## Stored data
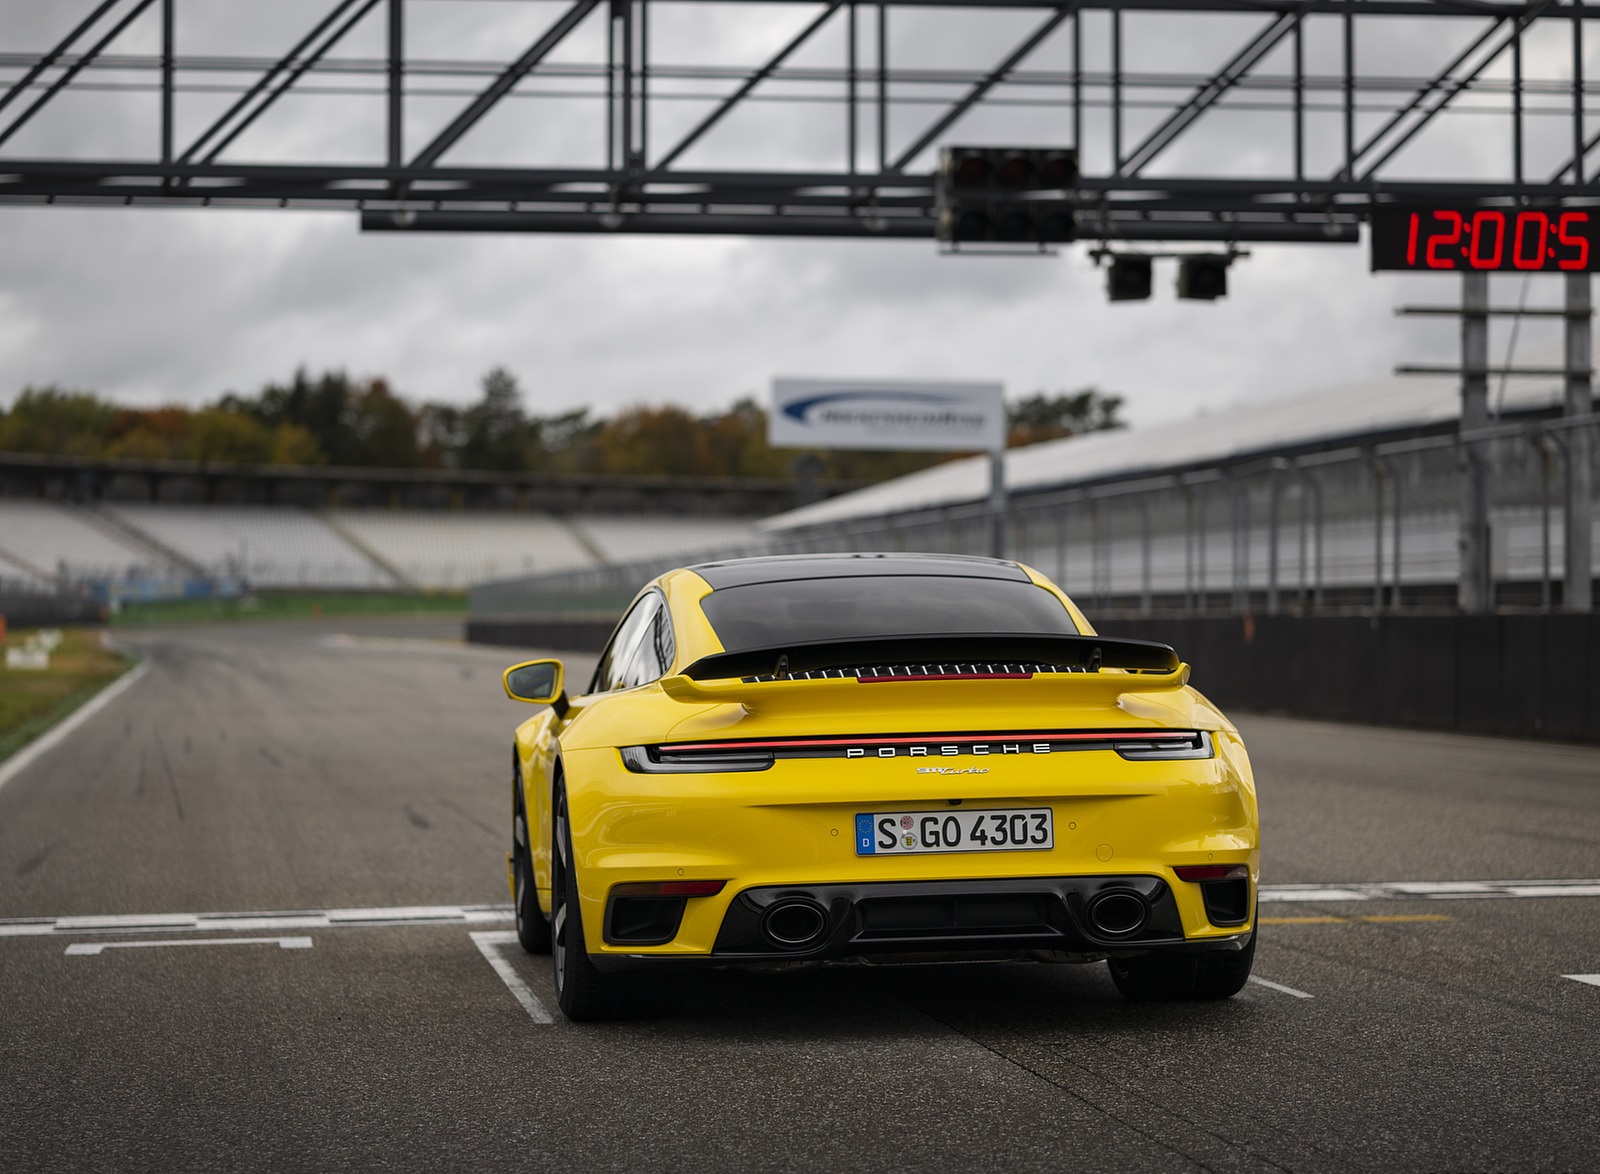 2021 Porsche 911 Turbo (Color: Racing Yellow) Rear Wallpapers  #20 of 225
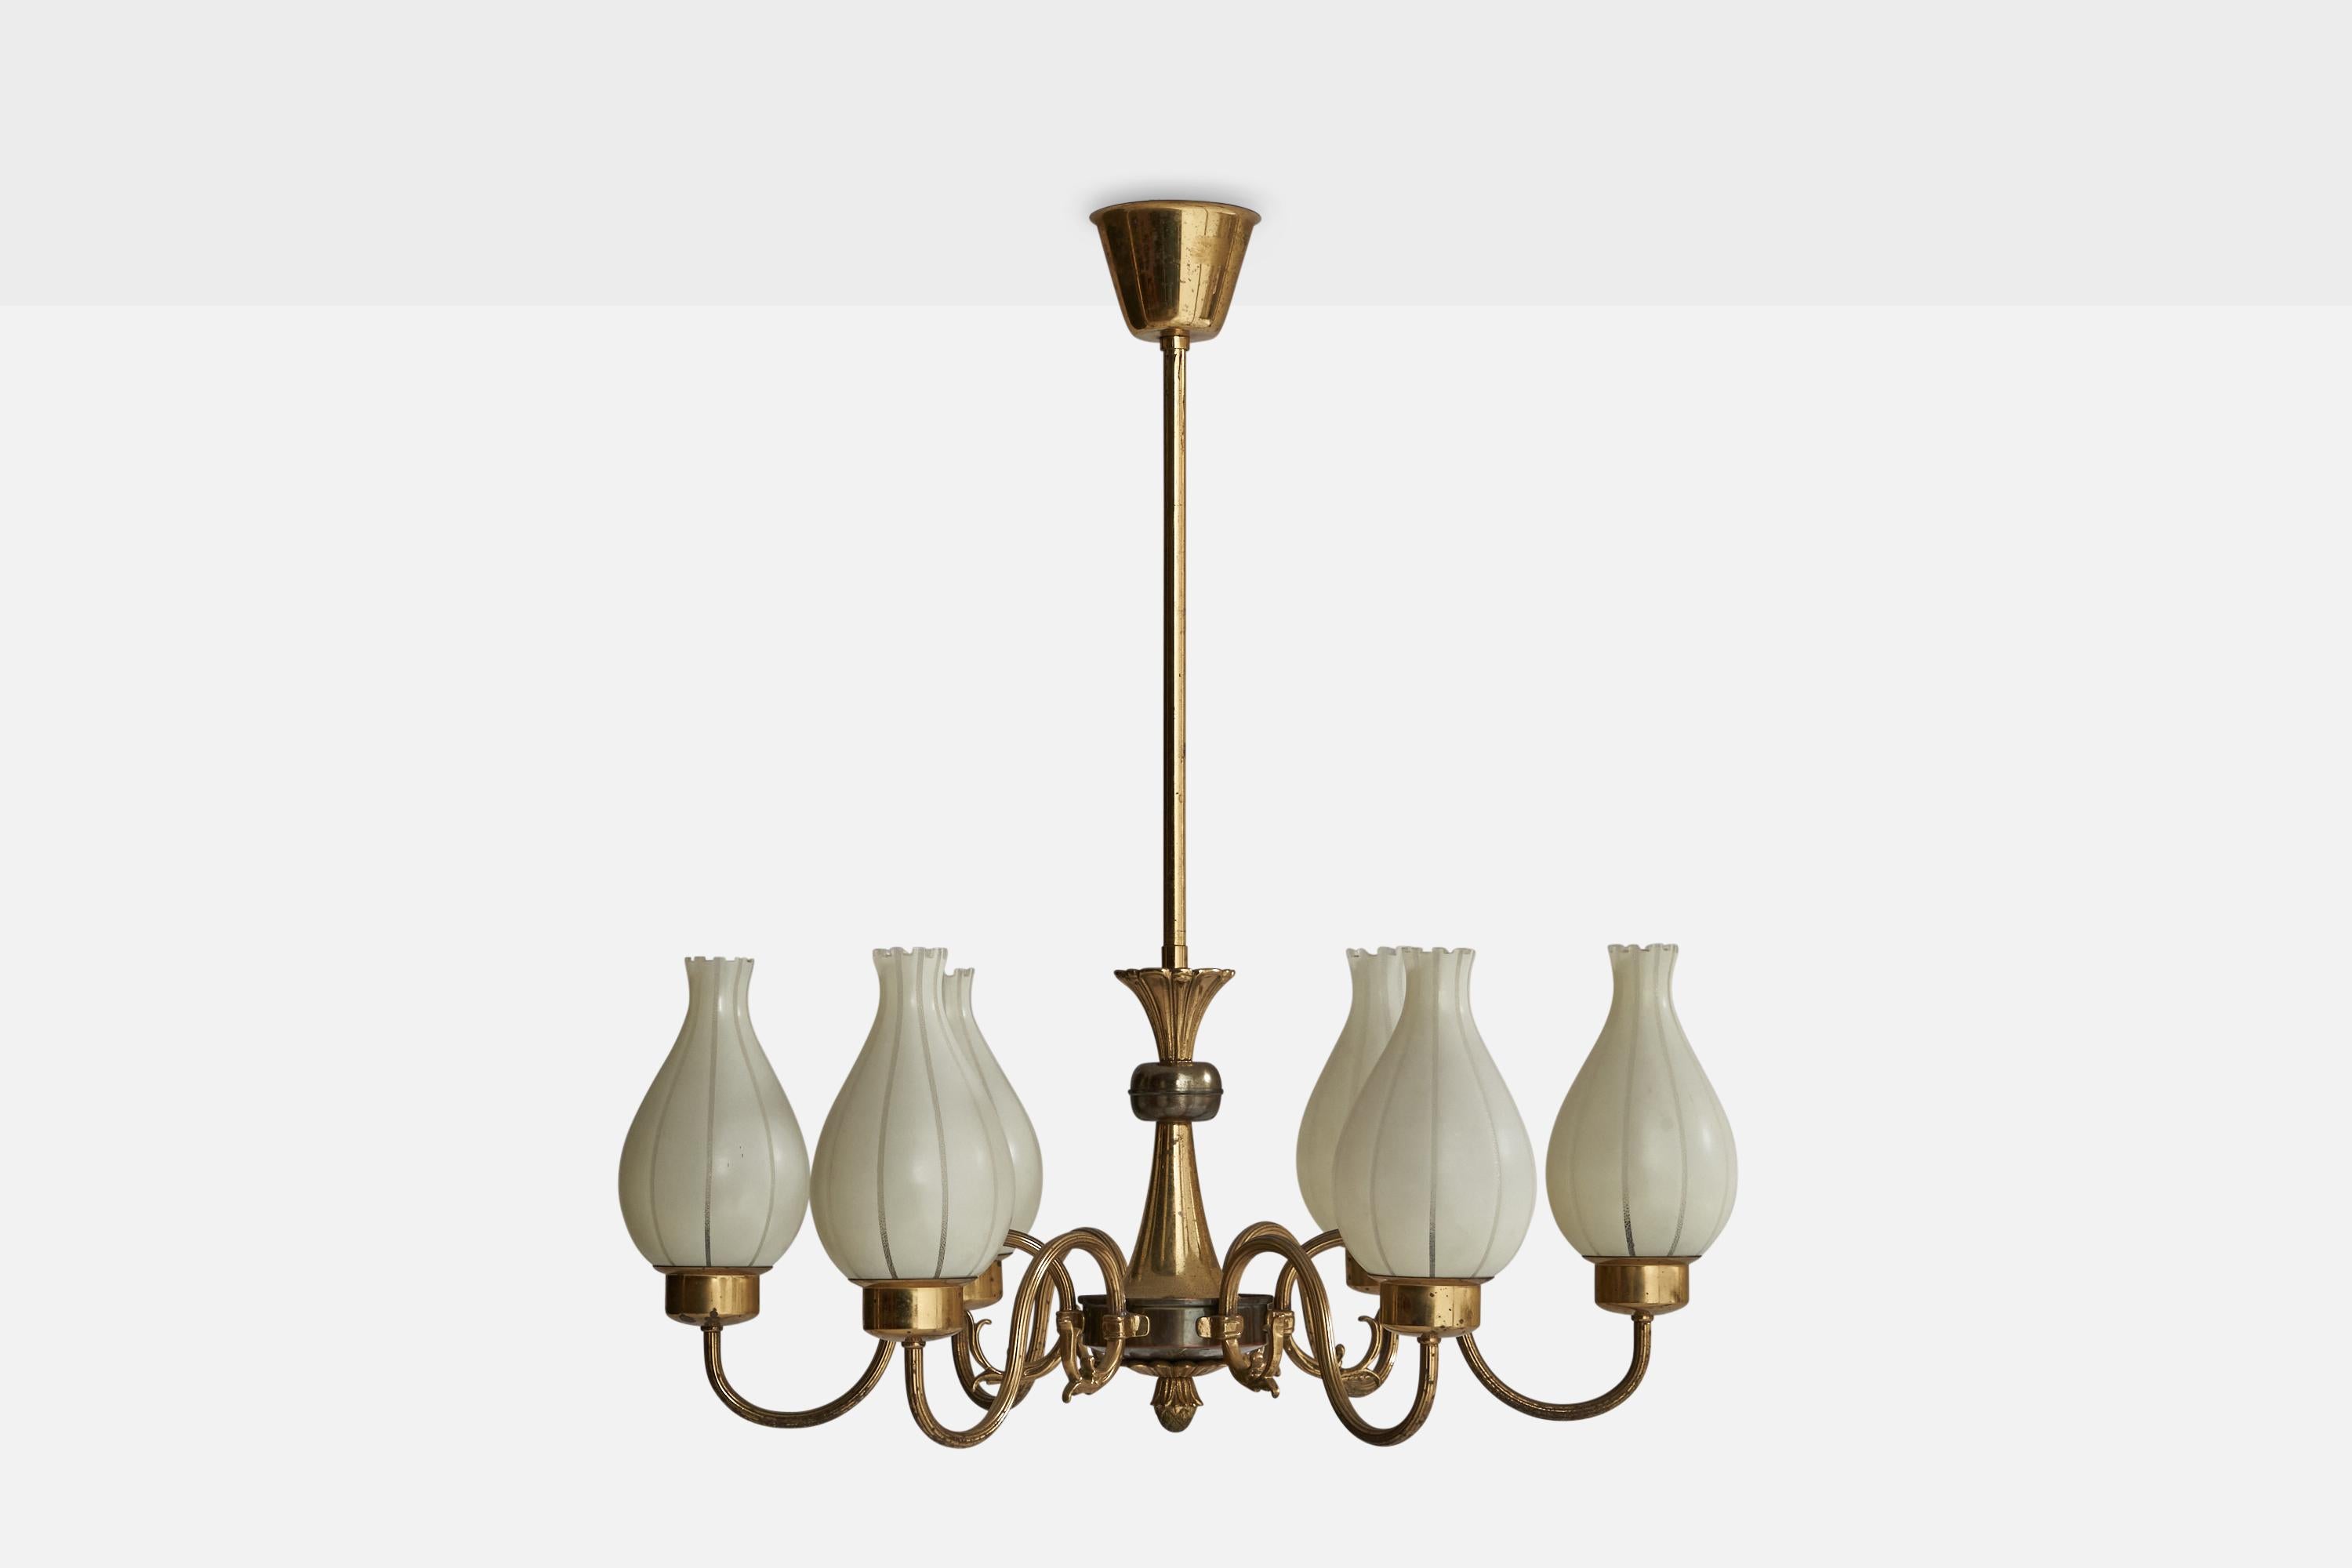 A six-armed brass and etched glass chandelier designed and produced in Sweden, 1930s.

Dimensions of canopy (inches): 2.6” H x 3.75” Diameter
Socket takes standard E-14 bulbs. 6 sockets.There is no maximum wattage stated on the fixture. All lighting

## Assignment
What is needed is a verbatim copy of the material, minus its pictures.

## Solution
 2021 Porsche 911 Turbo (Color: Racing Yellow) Rear Wallpapers  #20 of 225
 A six-armed brass and etched glass chandelier designed and produced in Sweden, 1930s.

Dimensions of canopy (inches): 2.6” H x 3.75” Diameter
Socket takes standard E-14 bulbs. 6 sockets.There is no maximum wattage stated on the fixture. All lighting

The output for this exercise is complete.